Collective opposition demands pension negotiations by the government

An unusual scenario will play out in the Parliamentary Hall on Thursday, when the Parliamentary opening debate will be held from 9 o’clock.

Here, all eight opposition parties will try to put pressure on the SVM government in the matter of the future retirement age, about which there is disagreement within the government.

Ritzau learns – like other media – that the opposition parties will present a proposal for adoption, which will require the government to call for negotiations on the age for withdrawal from the labor market in the future.

The parties want the government to convene the negotiations as soon as possible, and at the latest before next year there must be a vote on whether the retirement age should rise to 70 from 2050.

The text will be read out in the Folketingsalen by the chairman of the Danish Democrats, Inger Støjberg.

With the text of the proposal, the opposition wants to illustrate the internal disagreements in the government, after Prime Minister Mette Frederiksen (S) in August opened up to reopening the Welfare Agreement from 2006.

She announced in an interview with Berlingske that next year the Social Democrats will vote to raise the retirement age to 70, but then the party will renegotiate the agreement.

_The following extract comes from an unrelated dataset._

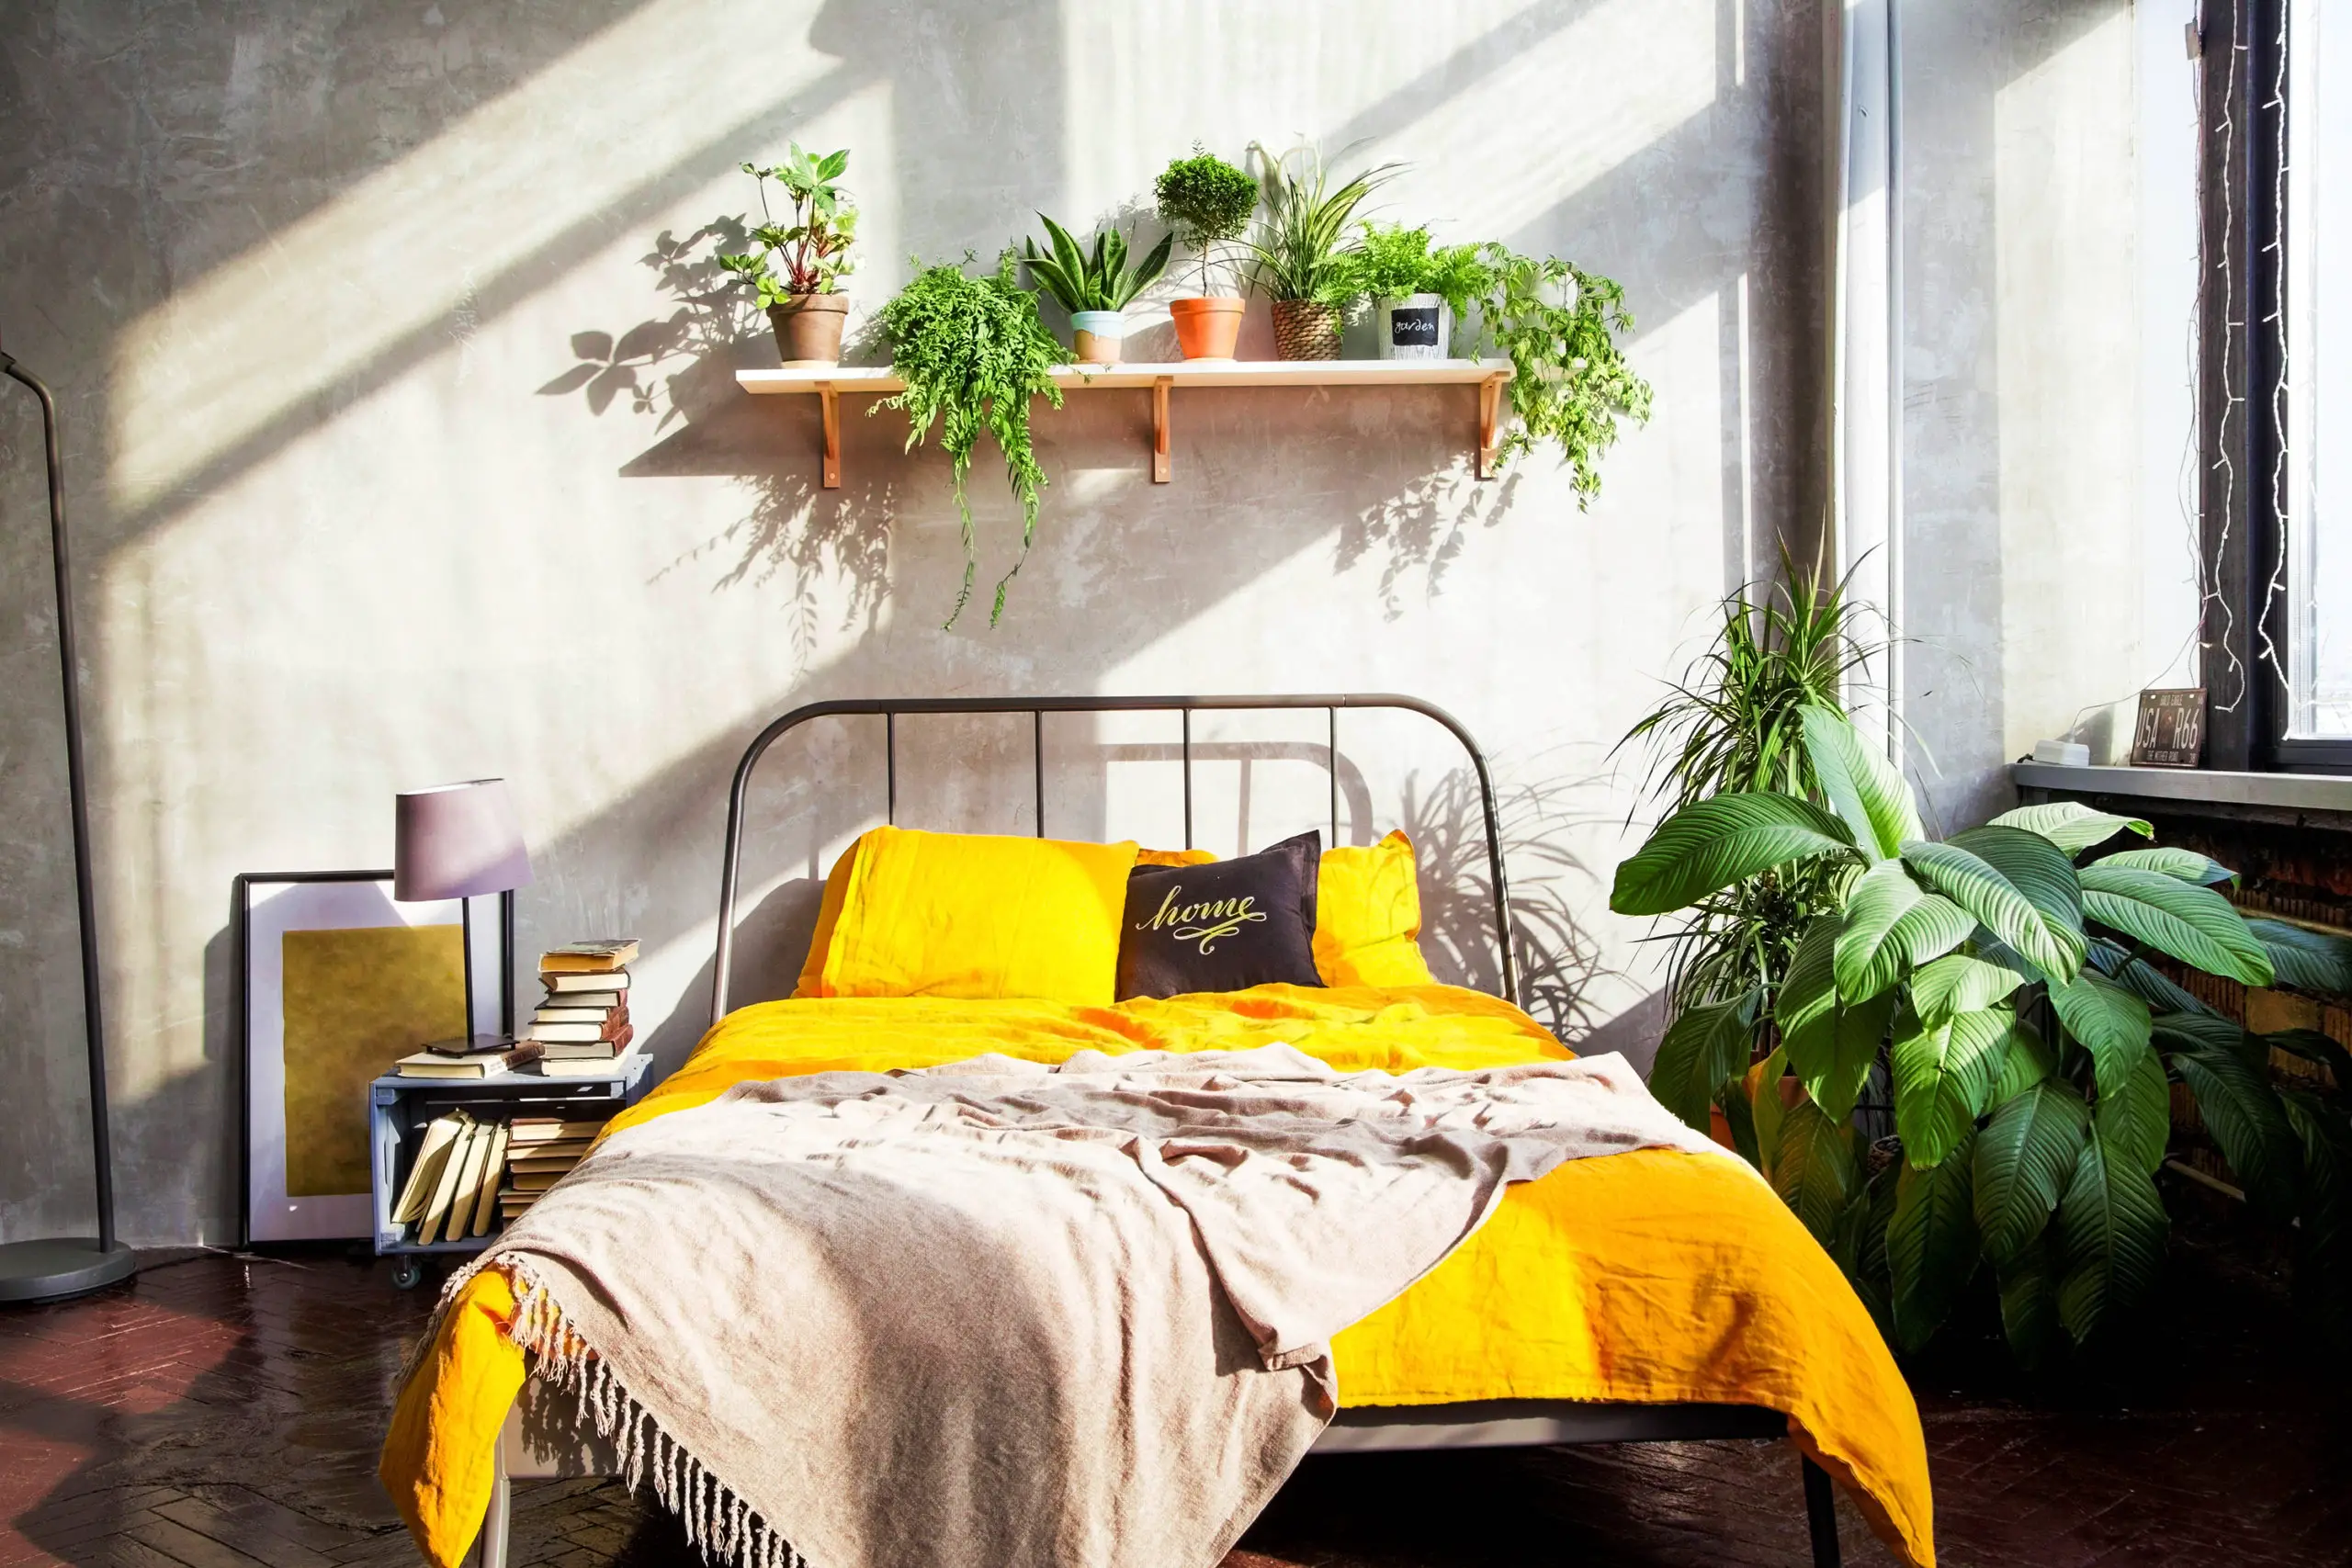 Simple Bedroom Design Ideas That On A Budget But Still Cozy

Internally in the SVM government, the chairman of the Moderates, Lars Løkke Rasmussen, has said that the issue should be clarified quickly, while the Liberals want to set up a so-called working life commission.

Mette Frederiksen has declared herself willing to get “some smart people” to take a closer look at how the future retirement age should be adjusted, but without setting a deadline.

Parties have criticized Mette Frederiksen’s pension plans for being too vague. And to be a decidedly electoral pork for use by the Social Democrats in the next general election campaign in two years at the latest.